The conference brings together many of Carolyn and Jason’s old college pals, including Carolyn’s very good friend Julienne. When Julienne disappears after a fight with her husband, Carolyn seems to be the only one who’s worried. Julienne’s husband, Nils, is convinced that she’s taken off with a lover and the others in the gang are sure that the missing woman will turn up when she needs to at the conference. Carolyn is sure Julienne would not just disappear, so she spends her time investigating by showing up at the places she and her friend planned to visit in New Orleans.
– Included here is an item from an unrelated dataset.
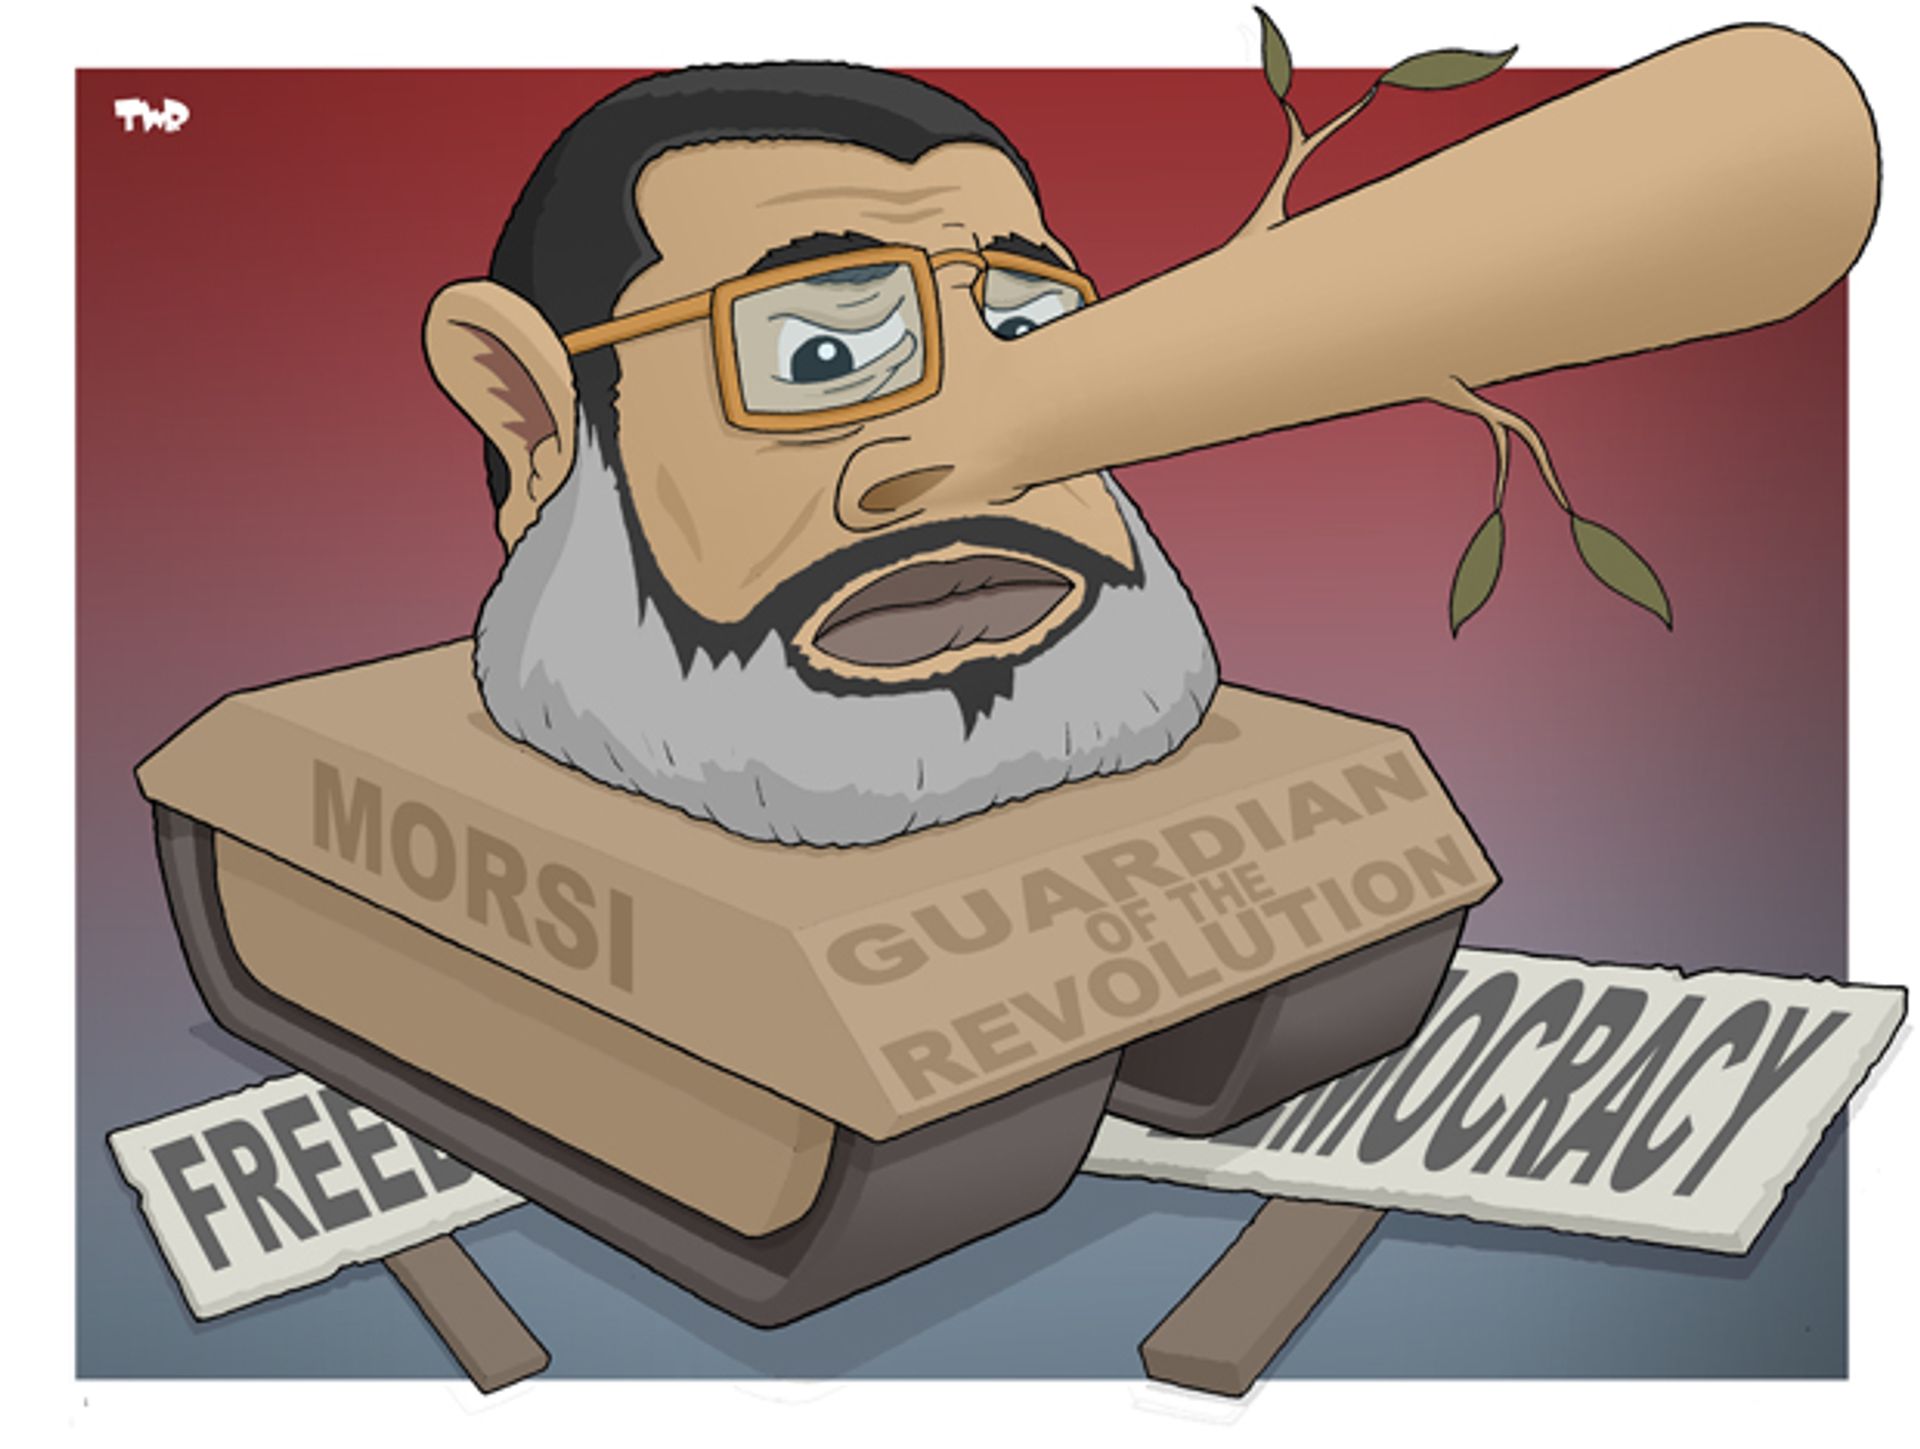 Morsi.jpeg

These visits and the other efforts Carolyn puts in to find her friend are broken up by long passages about the food that Carolyn is experiencing. Naturally, since this is a food mystery, there are recipes thrown in as well. They also contribute to a choppy suspense level. It’s hard to be interested in Julienne’s whereabouts when all these people can do is talk about the food they’re eating.
I liked Carolyn, and I even liked some of the descriptions of the food, but that isn’t why I read a mystery. None of the “suspects” was fleshed out enough to be viable, so by the time we found out what happened to the missing Julienne, I didn’t much care. Any shock value had long since been lost and the explanation came out of nowhere, which is another big “don’t” for a mystery. For those of you who enjoy lots of food talk, this one may be more to your taste, but I’ll take my next bite out of a different series.